The researchers analyzed and compared microbes with possible associations with SARS-CoV-2 and found that Rothia mucilaginosa, Prevotella melaninogenica, and Haemophilus parainfluenzae showed reduced relative abundance in patients with COVID-19. The results also showed that genes involved in the Notch signaling pathway like NOTCH4, HDAC2, PSEN1 are upregulated significantly in the lungs during COVID-19. Other bacteria like Escherichia coli, Staphylococcus aureus, and Klebsiella pneumoniae were also found to be highly associated with COVID-19, although many of these, especially gram-negative bacteria, could be nosocomial in some contexts.
The researchers inferred COVID-19-specific linked genes by comparing their occurrences in healthy individuals and those with COVID-19. They found that VEGFA-VEGFR2 and cytoplasmic ribosomal protein was associated with COVID-19.
Top-ranked pathways were identified using a random walk with restart (RWR) approach, whierein the findings identified the VEGFA-VEGFR2 as well as the immune pathway. MLCrosstalk identified genes like IFNAR1, IFNAR2, and STAT associated with the viral entry.
The MLCrosstalk statistical model developed by the researchers overcame three challenges including heterogeneity and noise in data, integration of multiple data types, and personalized linkage identification. Using MLCrosstalk, a list of genes and microbes associated with SARS-CoV-2 were identified, latent patterns of multiple data sets were retrieved, and sample-specific linkages showing biological evidence were identified.

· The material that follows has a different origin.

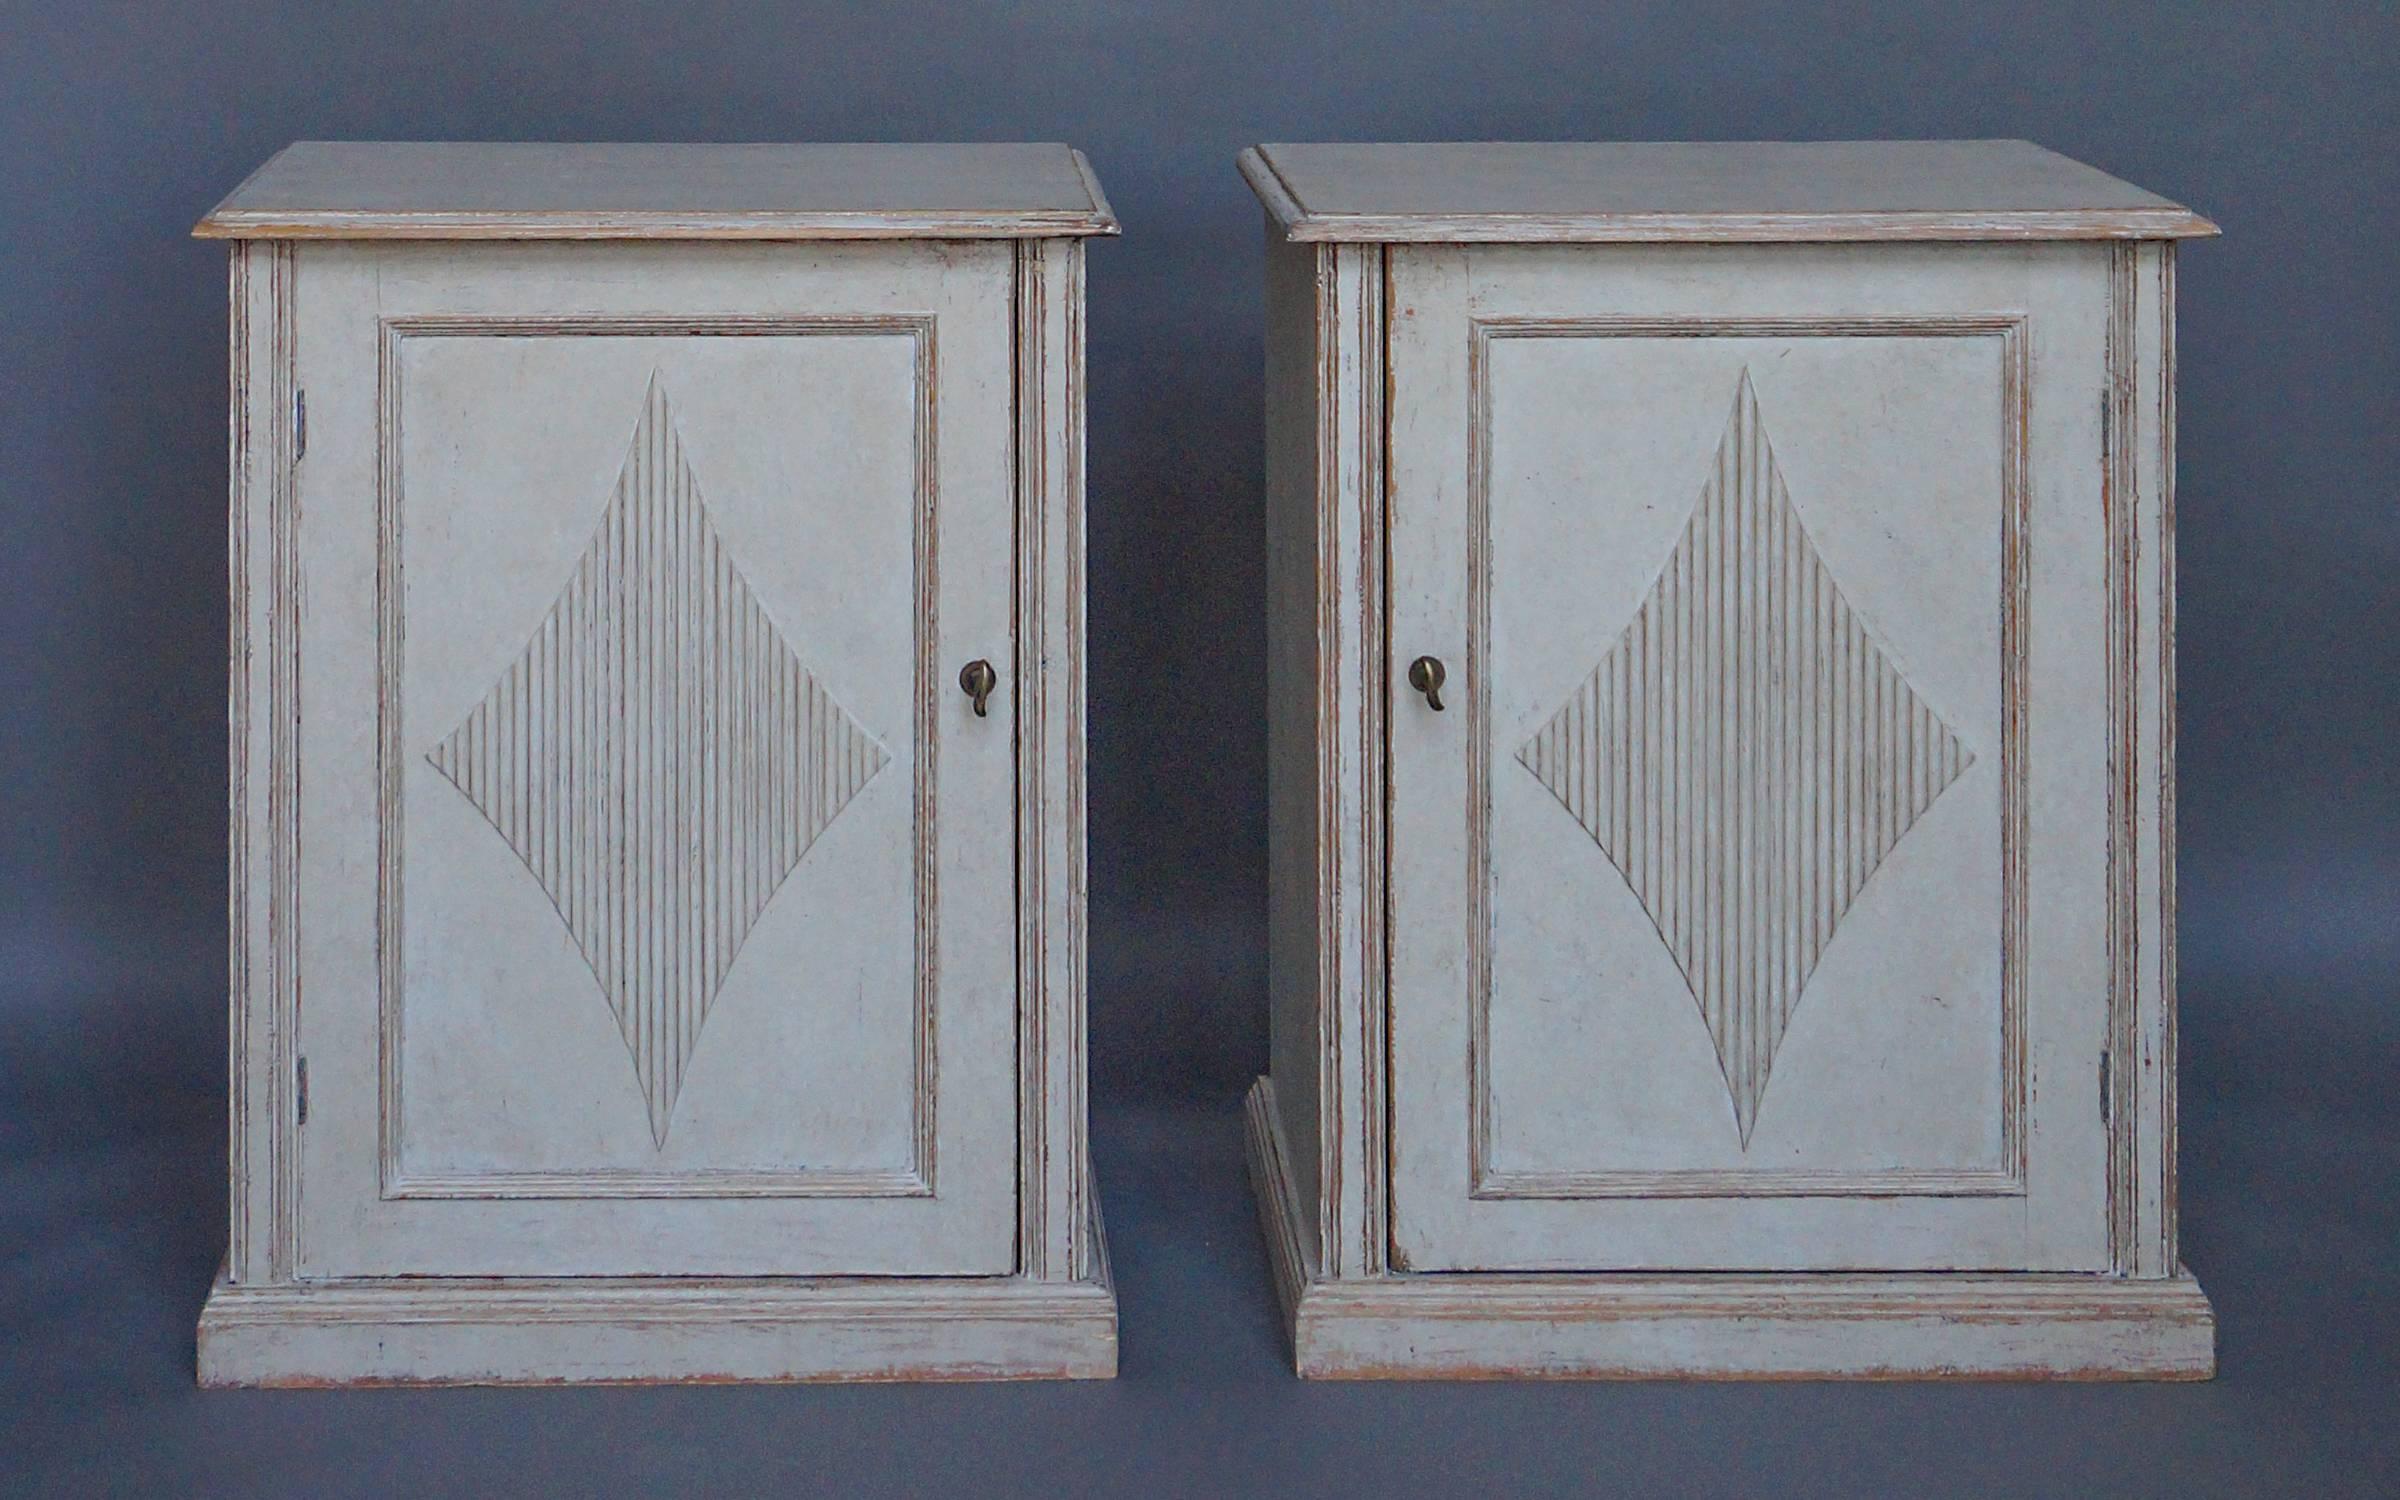 Pair of Swedish cabinets, circa 1880 in the Gustavian style. Paneled doors with reeded lozenges and a single interior shelf in each.

The team identified the microbial co-infections associated with COVID-19, with some microbes showing synergistic and antagonistic effects with COVID-19. The linked genes of R. mucilaginosa had a high representation in COVID-19 patients, while those of P. melaninogenica had a lower representation in the aforementioned pathway creating an opposite pattern. Such distinct patterns were also seen between these two microbe groups for other pathways like immune-response, type II interferon signaling, and Notch signaling pathways.
bioRxiv publishes preliminary scientific reports that are not peer-reviewed and, therefore, should not be regarded as conclusive, guide clinical practice/health-related behavior, or treated as established information.